Step 2, in storage between design memory space on part, and be designed with the space of data, MD5, cryptographic Hash, be used for The storage of data；

Step 3, by the scope of cryptographic Hash, partition holding of the design data by cryptographic Hash, such as by the data per 1,000,000 Amount can so design a data space in a balanced way as a memory space.

The feature of the extracted data is concretely comprised the following steps：

The clear and definite feature of step one, data inherently, then can be directly as data characteristicses, such as network address；

Step 2, data generation time can be as data characteristicses, then using the time as data characteristicses；

Step 3, the equipment of data as data characteristicses, then using the unique mark of equipment as data characteristicses, such as mobile phone Number etc.；

Step 4, cannot be used as data characteristicses for unique mark, can be by assemblage characteristic as mark, such as equipment + the time.

For the key point of the fast searching method of the particular data based on big data, can be extracted from data one by one Go out clear and definite feature, a data can propose multiple features, the feature for proposing out need to be unique, by can be from the method Positioning searching is rapidly carried out, the data of needs are quickly found out.

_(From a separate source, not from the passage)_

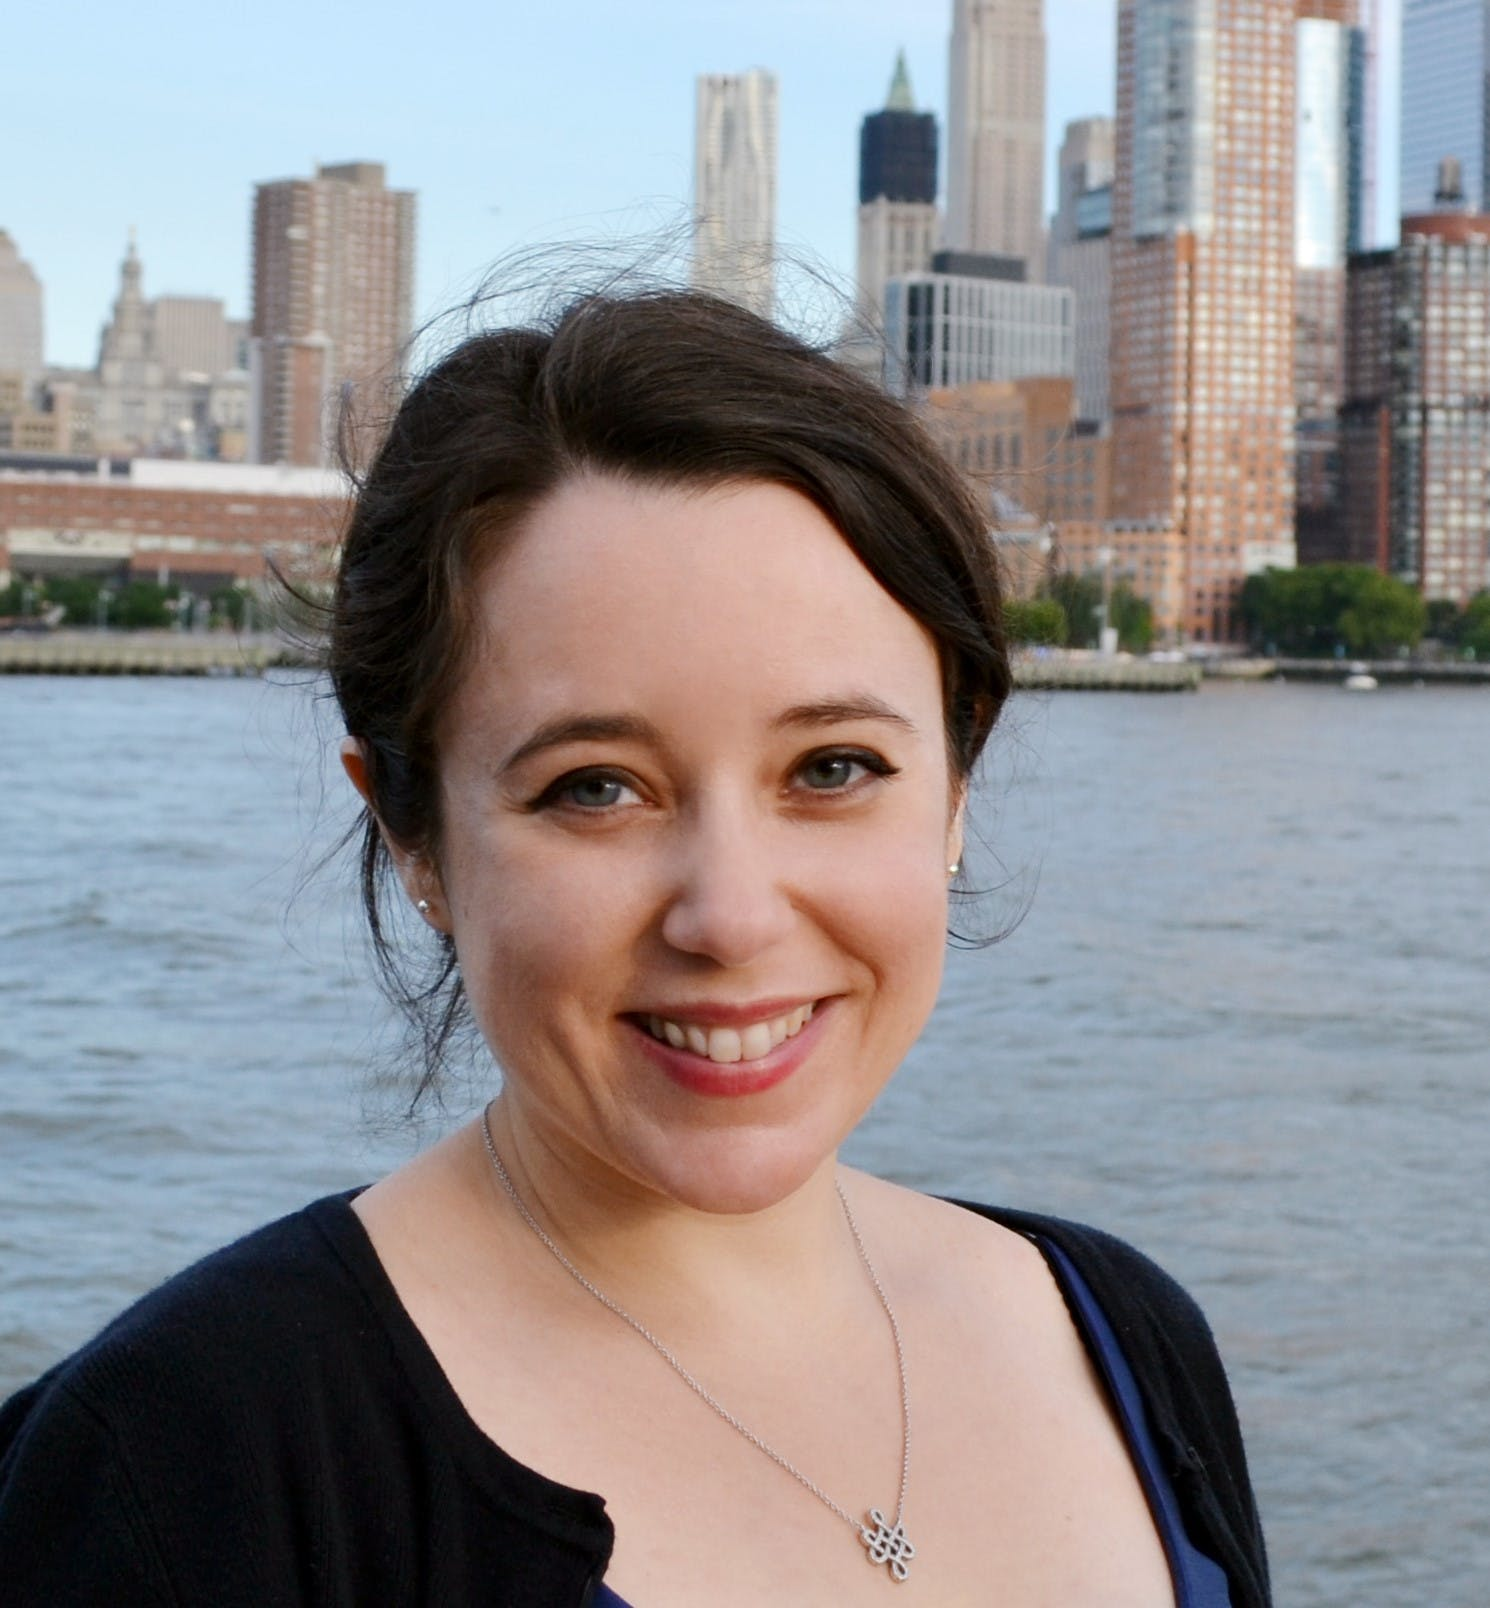 Lisa Tagliaferri
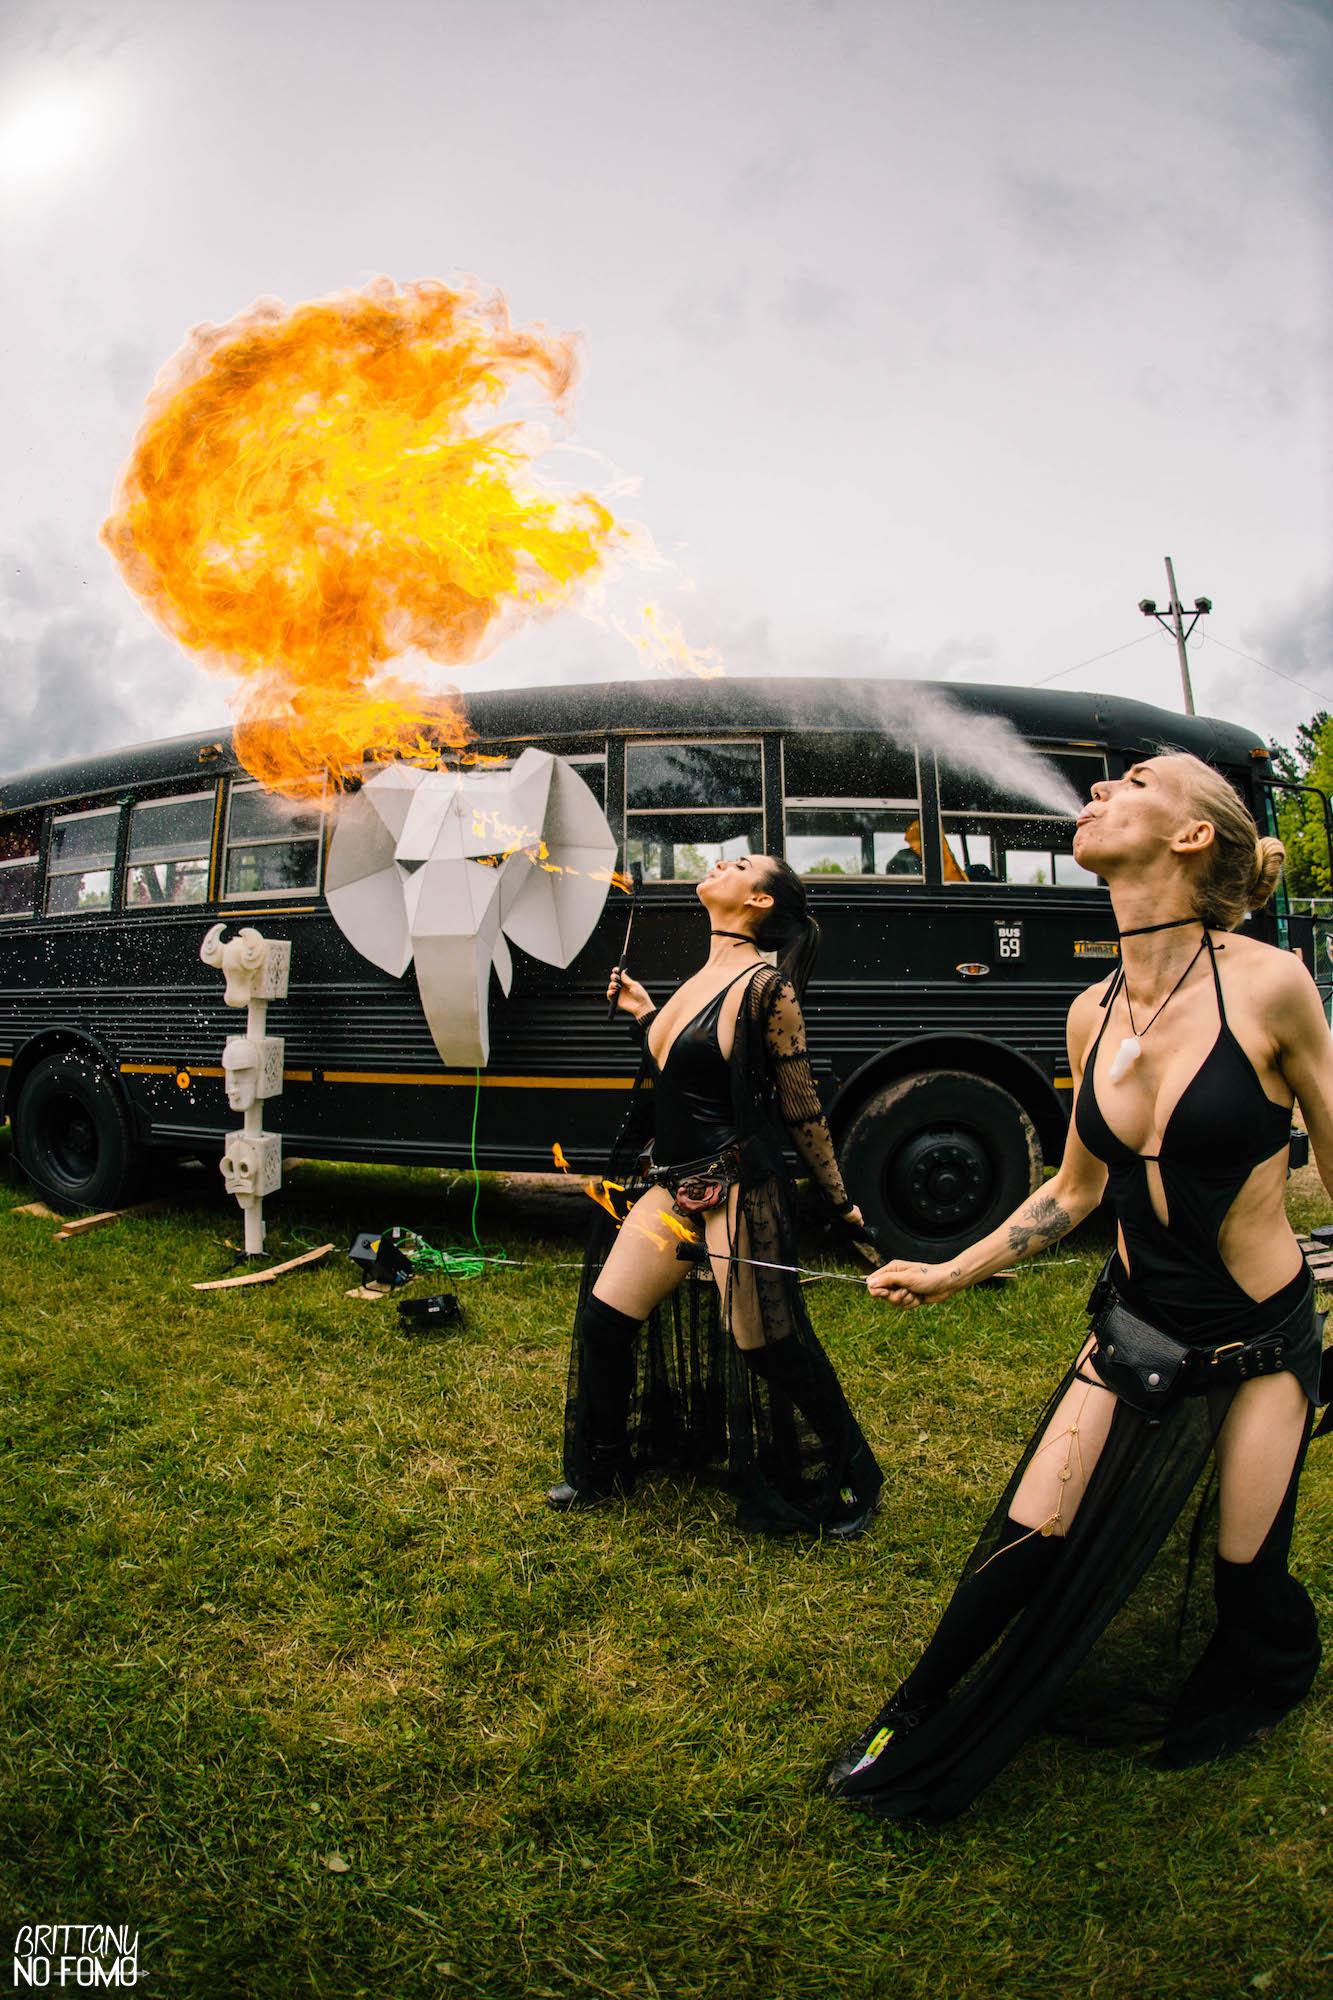 Elements Fest - Brittany NO FOMO1.jpg

The logic of subregion or distributed server is set up by cryptographic Hash by using specific data storage middleware, is passed through This mode is stored come the classification for carrying out data, reduces the load to big file or server, so as to improve the storage of big data With the efficiency for reading.

Claims

1. a kind of achievable fast searching and support be distributed storage big data processing method, it is characterised in that：Described method Including following step：

Step 1：Data one by one to being stored are carried out the extraction of feature by certain algorithm, and acquisition can determine particular data Unique features be used for follow-up data value calculating, and formed can quickly carry out data characteristicses extraction method, for data Use when storage and reading；

Step 2：From the feature that data one by one are extracted, the calculating of MD5 values is carried out, MD5 values are drawn, then by hash algorithm, The cryptographic Hash from 1 to N is calculated, the size of N carries out value by the distributed storage of specific data volume size and division；

Step 3：The storage organization of design data, except the space for having data storage, the also sky of the space of MD5 values and cryptographic Hash Between, cryptographic Hash has the data of identical cryptographic Hash for directly hitting, and MD5 values accurately count for determining in identical cryptographic Hash According to；

Step 4：The feature of data when reading data, is extracted, and calculates MD5 values and cryptographic Hash, filtered out greatly by cryptographic Hash Partial data, and accurate data value is determined by MD5 from the data value of small range.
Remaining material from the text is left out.